The law governs patent protection of inventions, utility models and industrial designs.
[B] Duration of Registration
The duration of an industrial design patent is ten years and may be extendable as of right for five years, for a total duration of fifteen years.
[C] Requirements for Renewal
The annuities are paid only beginning from the third year of issuance.
The document confirming the payment of the maintenance fee for the first year of validity of the design shall be provided together with the document confirming the payment of an official granting fee.
The document confirming the payment of the maintenance fee for each subsequent year of the validity of the patent for an invention, industrial design or utility model shall be provided within the last two months of the current year of the validity of the industrial design or utility model.

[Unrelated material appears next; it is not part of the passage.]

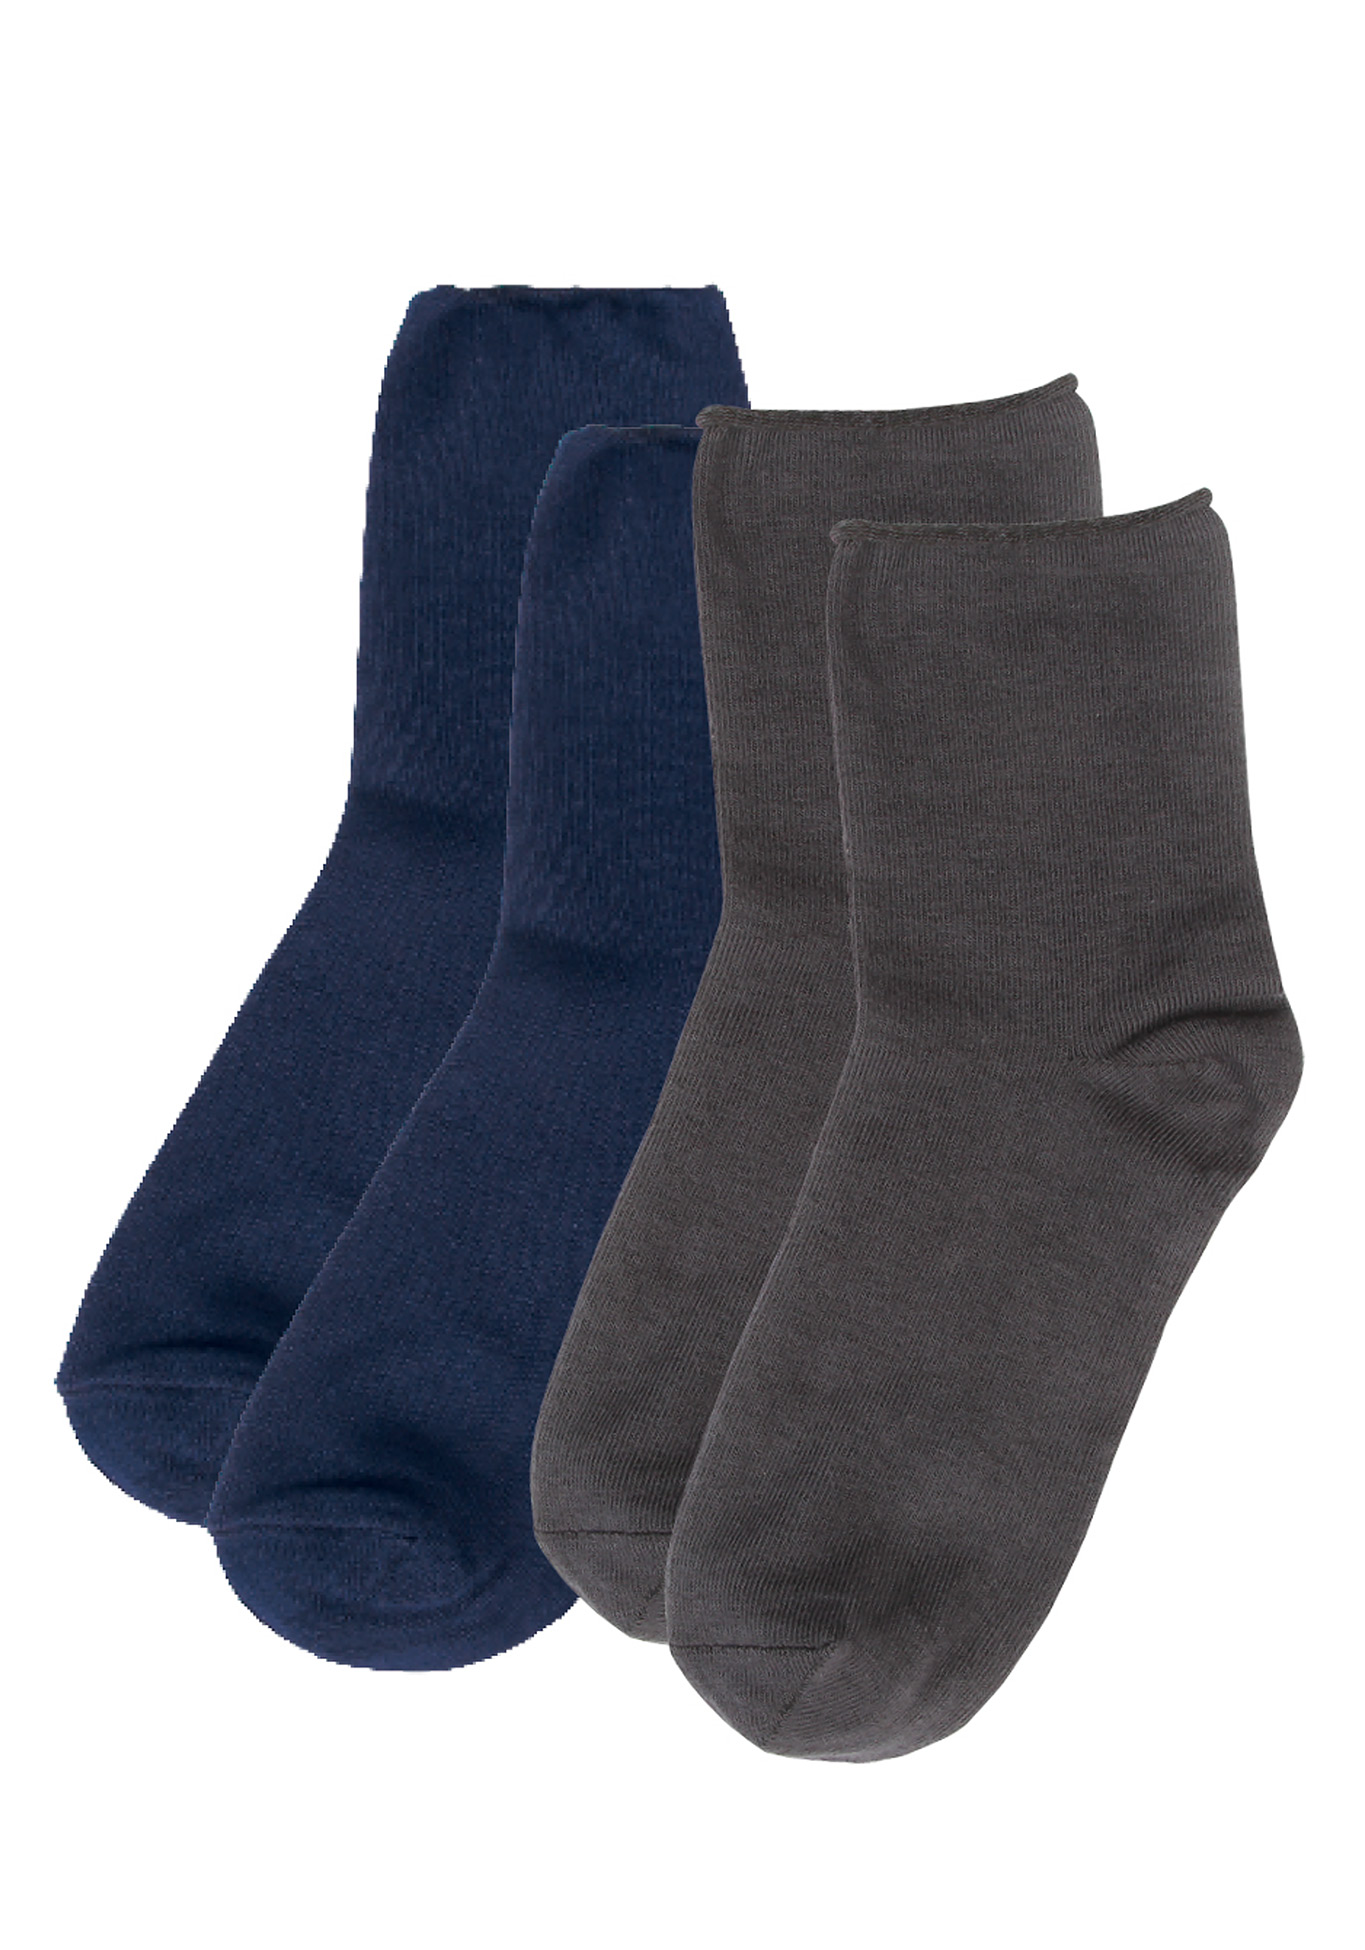 Специальные носки без резинки «Комфорт», цвет светло-серый+черный, размер 35-37 - фото 1

The document confirming the payment of the maintenance fee for any year of the validity of the industrial design or utility model may be provided within six months as of the date of expiration of the prescribed term. In this case, the amount of the fee shall be increased by 50%.
[D] Registrable / Not Registrable
In the definition of the law, an industrial design is an artistic and a structural solution which defines the appearance of an article. An industrial design is registrable if it is new and original.
The following may not be protected as designs:
- Designs which are a result of the function of the article.
- Designs relating to constructional form with the exception of small architectural forms.
- Printed matters.
- Articles of unstable shape.
Designs contrary to public interest and morality may not obtain protection.
[E] Novelty
Absolute (worldwide) novelty applies.
An industrial design shall be considered new if the whole of its essential features presented
in the depiction of an article (model) and in the list of essential features is not known from the information available to the public before the date of priority of the industrial design.
An industrial design shall be considered as original if its essential features determine creative character of peculiarities of the article.
[1] Grace period
The novelty grace period of six months preceding filing/priority applies.
[F] Ownership and related rights
[1] Applicant
Individuals or legal entities are entitled to apply for a design registration.
Under the law of Kyrgyz Republic, an inventor or employer of the inventor, their assignee, including the person who obtained a respective right by way of transfer has a right to apply for a patent.
The transfer of a right for obtaining the patent by an applicant shall be performed by introducing a respective note into an application or into a request filed with the Patent Office of Kyrgyz Republic prior to the registration of an industrial design.
No confirmation of a right to file an application by providing any document is required.
[2] Assignment
An owner of a design is entitled to assign their rights. An assignment must be in writing and signed by the parties.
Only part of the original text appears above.